Itemizing Third-Party Scripts

If I want to see all the third-party requests included with a webpage, I have a few options (that I know of):

  • Look at the code in the <head> and before the </body> tags
  • Use a browser extension like Ghostery to see what’s being served
  • Utilize services like Calibre or SpeedCurve for in-depth analysis
  • Inspect the page—use developer tools (network & sources panel)
Sources tab
Chrome inspector sources tab at slack.com (arbitrarily chosen)

But if I want to itemize that information and make it portable (e.g., paste it into a spreadsheet for filtering or further analysis), the process is not as straightforward.

Save as HAR

From inside some browsers’ web inspectors (Chrome, Firefox, Edge), you can save a HAR (HTTP Archive format) file (further reading). Among other things, this captures all the requests a site is making. Note that HAR files can contain sensitive data, so save and share with care.

Saving a HAR file
Saving a HAR file from the Firefox network panel

So how do you open a HAR file? har.tech has a list of helpful tools.

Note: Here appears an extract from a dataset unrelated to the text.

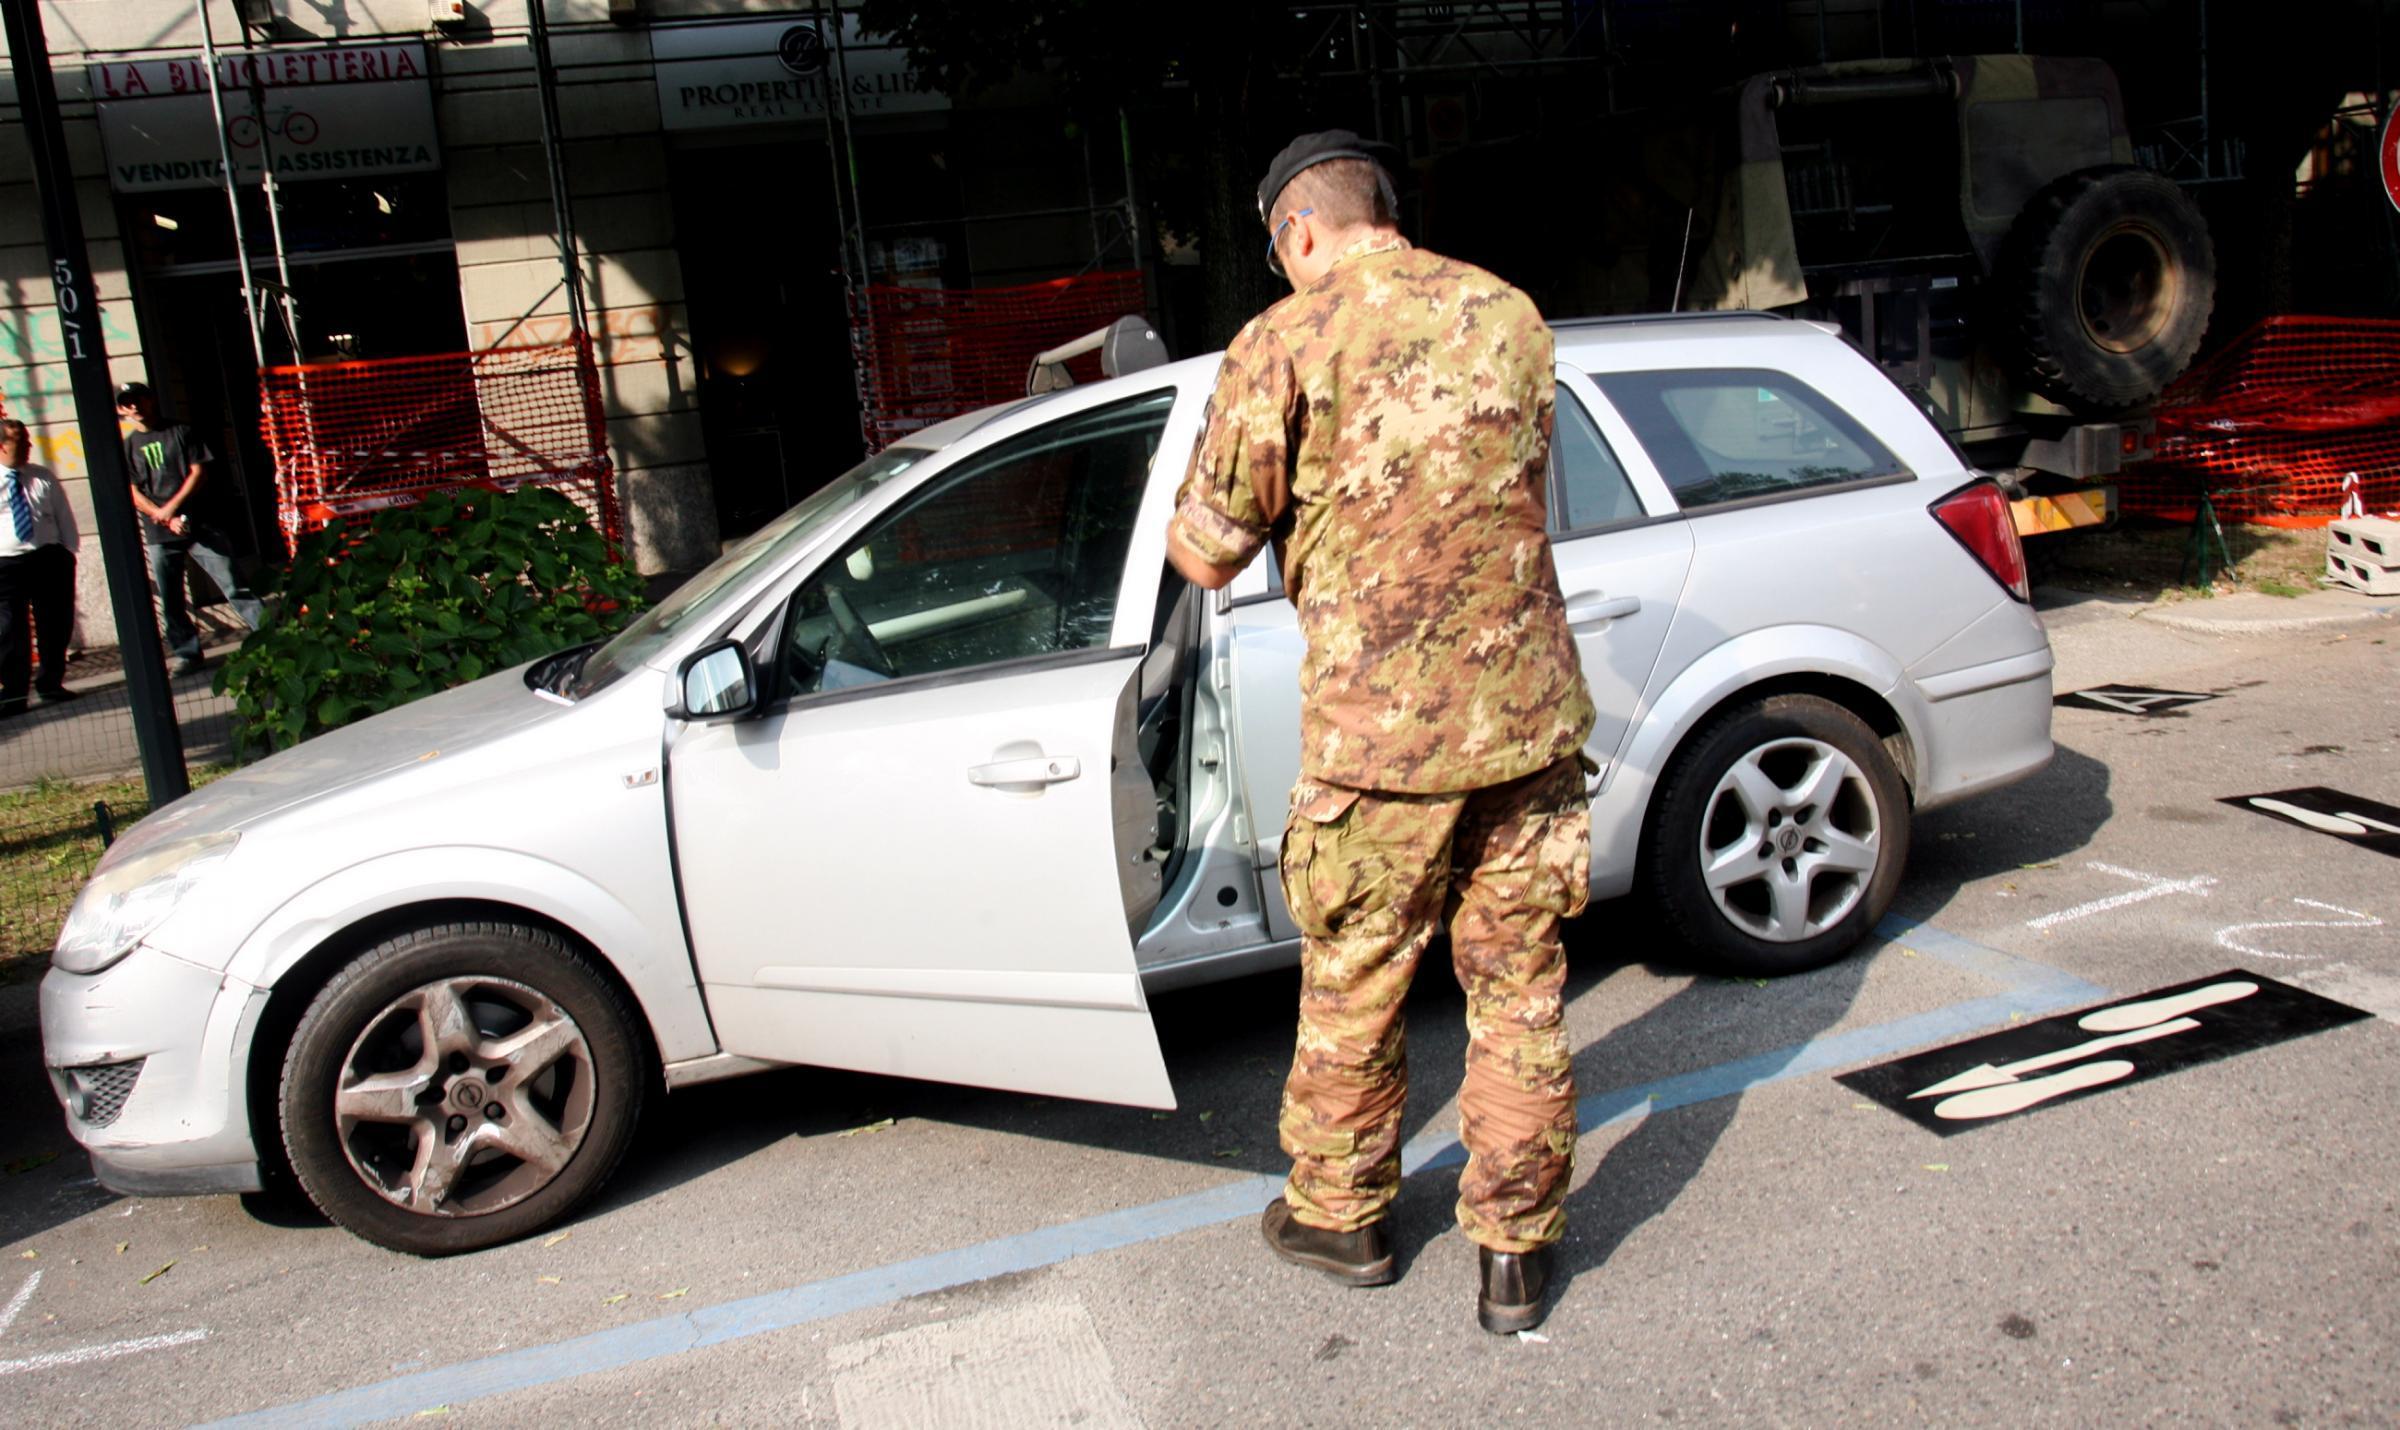 VIDEO Camionetta dell'esercito uccide anziano a Milano
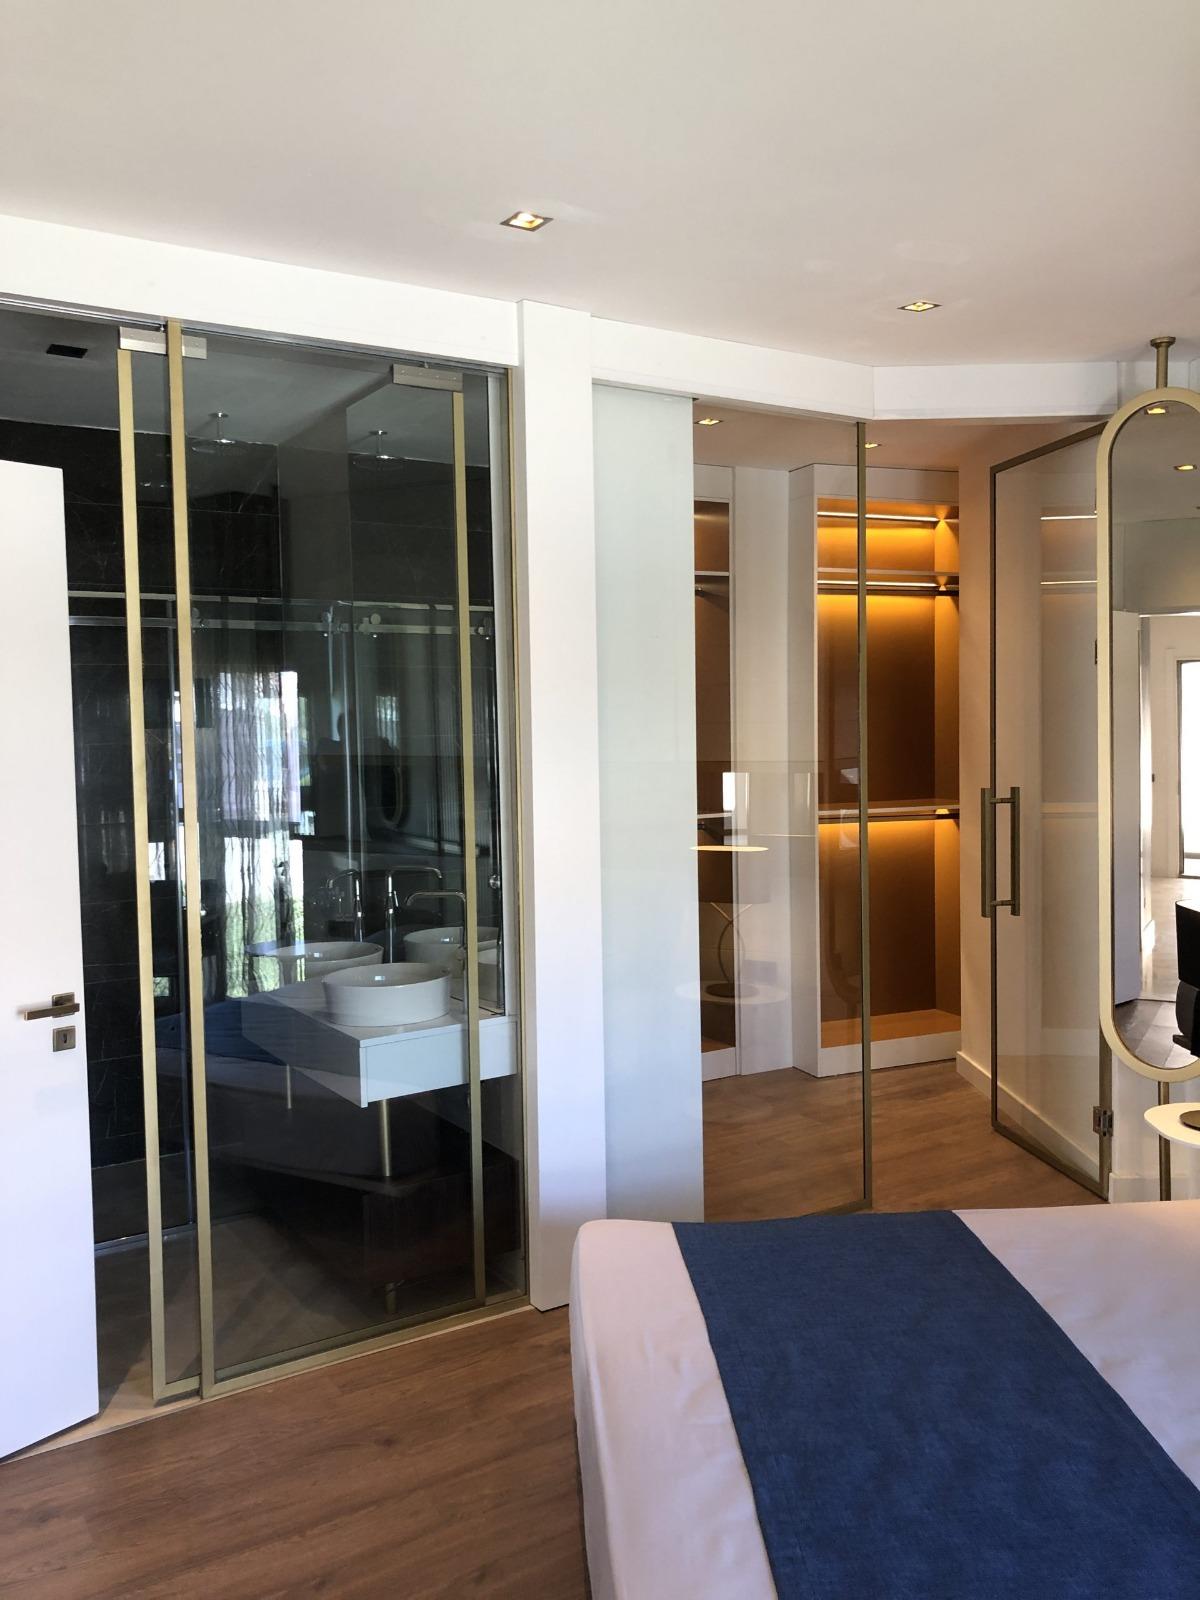 Резиденция класса люкс отельной концепции - Фото 29

I gravitated towards Charles.

Charles is an HTTP proxy / HTTP monitor / Reverse Proxy that enables a developer to view all of the HTTP and SSL / HTTPS traffic between their machine and the Internet.

Viewing a HAR file
Viewing HAR file via Charles Proxy

You can learn a lot poking around the app. Unfortunately, I’ve yet to find a way to export or copy this info into text or a table. (Update)

This approach (and level of analysis) gives me a good perception upgrade for what’s happening in a browser when third-party scripts, iframes, etc. load with a webpage. Next, I’ll be taking chunks of this information for multiple sites and running some comparisons to see what scripts/services are most common.

I’m figuring all this out as I go, so if you have advice or better ideas, let me know!

Update

My friend Matt Weinberg from Vector Media Group informed me that you can export a full session from Charles app as a CSV file (File->Export Session->CSV), which is ideal. He also pointed out that “a HAR file is just a JSON file with inlined content. So any tool that can parse JSON can do whatever you need to with a HAR.” Bingo. Thanks, Matt!